PREPARING FOR SURGERY
- Talk to your child about his/her feelings and provide strong reassurance and support. The procedure will make him / her healthier but will cause a sore throat at first.
- Be with your child as much as possible before and after the surgery.
- Reassure your child that the operation does not remove any important parts of the body, and that he/she will not look any different afterward.
- If your child has a friend who has had this surgery, it may be helpful to talk about it with that friend.
- For at least two weeks before any surgery, don’t allow your child to take any medicines that contain aspirin (Children should never be given aspirin because of the risk of developing Reye’s syndrome). If your child is to have surgery, please call Grand Rapids ENT before giving any over-the-counter medicines or herbal products.
- If your child or family has had any problems with anesthesia, tell your GRENT doctor. If the child is taking any other medications, has sickle cell anemia, has a bleeding disorder, is pregnant, has concerns about the transfusion of blood, or has used steroids in the past year, the doctor must be informed.
- A blood test and possibly a urine test may be required prior to surgery.
- After midnight prior to the surgery, nothing may be taken by mouth (including chewing gum, mouthwashes, throat lozenges, toothpaste, water.) Anything in the stomach may be vomited when anesthesia is induced. This is dangerous.
- When your child arrives at the hospital or surgery center, the anesthesiologist or nursing staff may meet with you to review medical history.

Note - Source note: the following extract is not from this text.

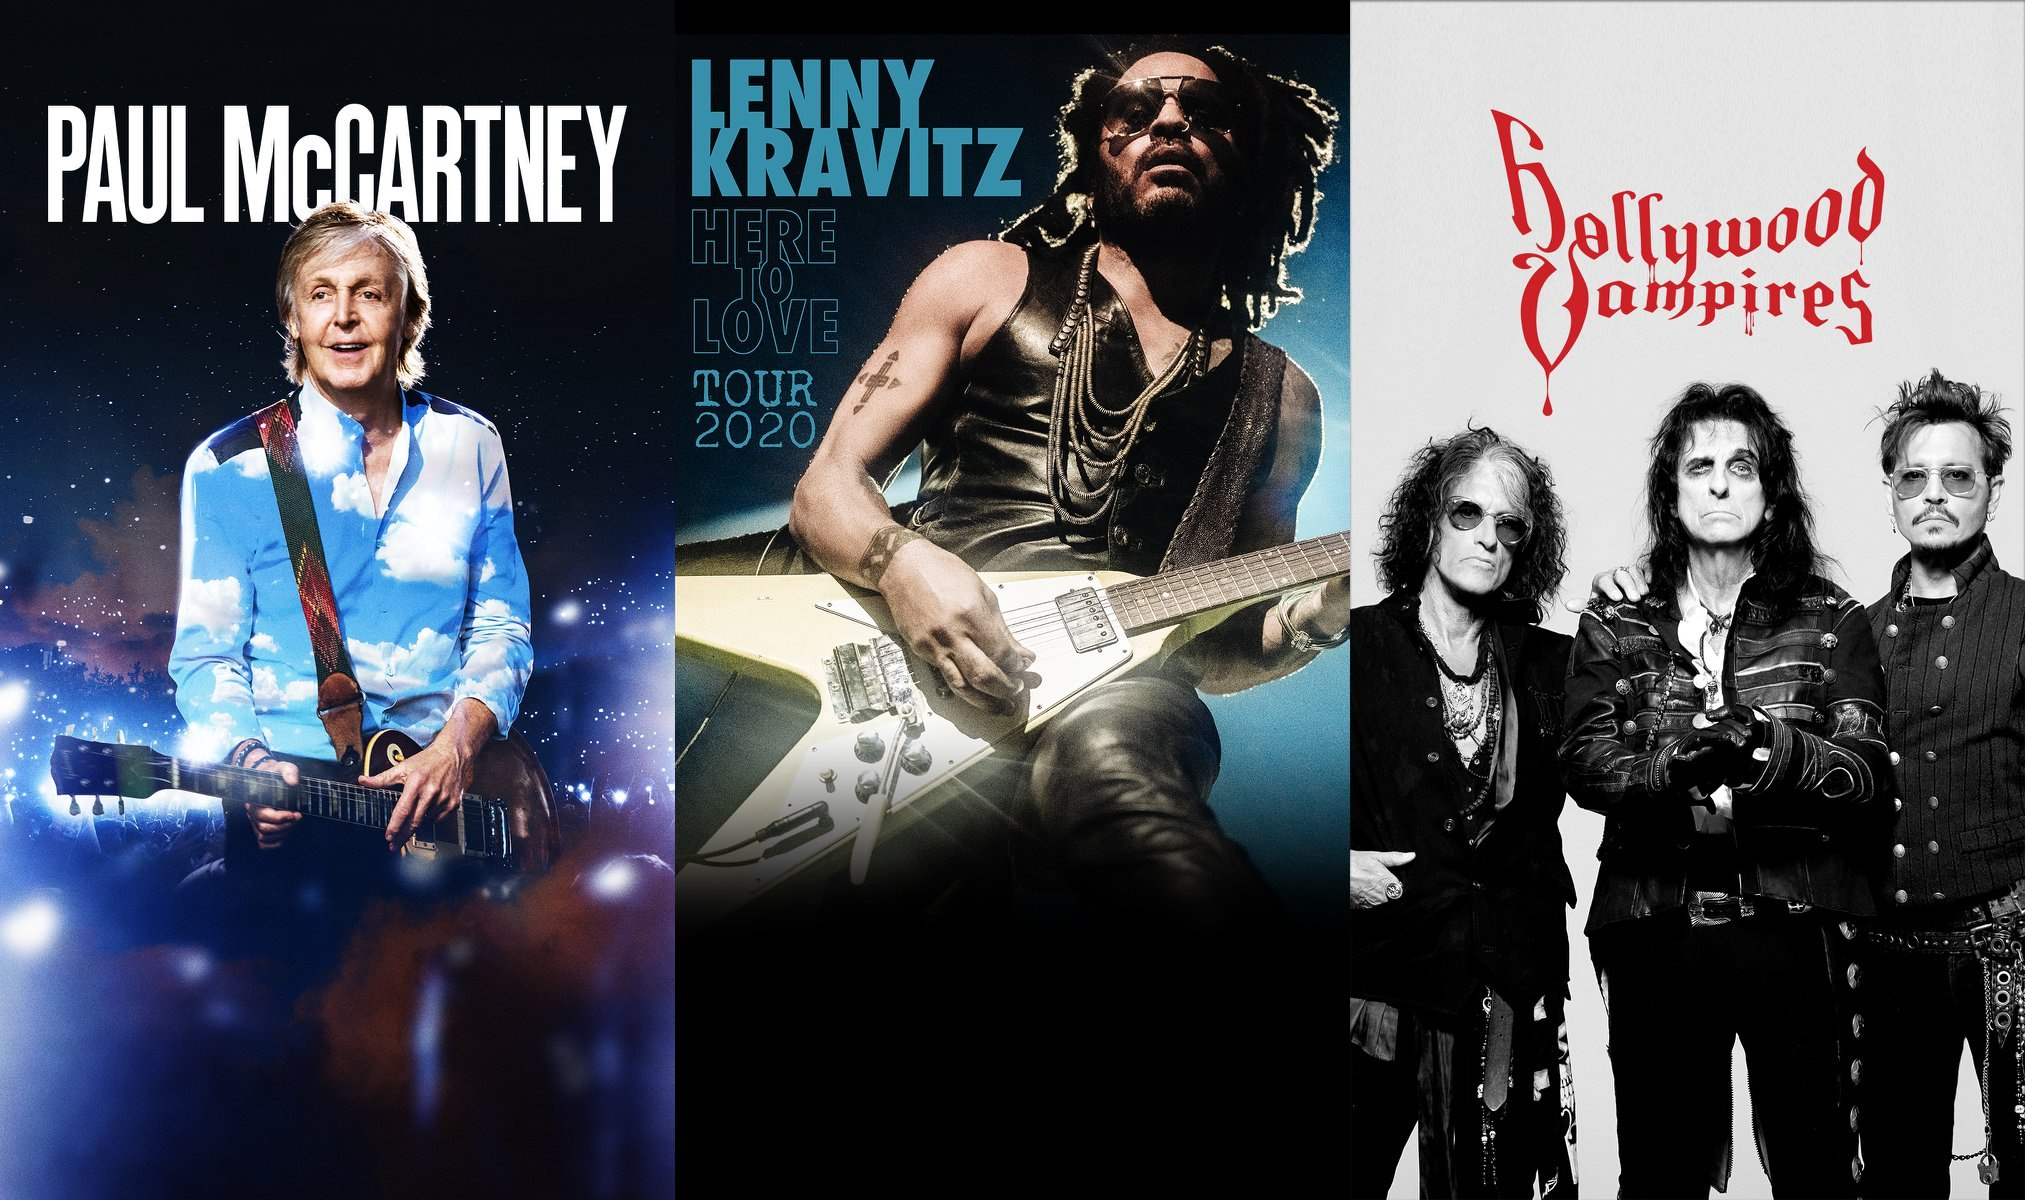 D'Alessandro e Galli: i live di Paul McCartney, Lenny Kravitz e Hollywood Vampires saranno rimborsati

Your child will then be taken to the operating room and given an anesthetic. Intravenous fluids are usually given during and after surgery.
- After the operation, your child will be taken to the recovery area. Recovery room staff will observe them until discharged. Every patient is unique, and recovery time will vary.
There are several postoperative symptoms that may arise. These include, but are not limited to, swallowing problems, vomiting, fever, throat pain, and ear pain. Occasionally, bleeding may occur after surgery. If the patient has any bleeding, your surgeon should be notified immediately.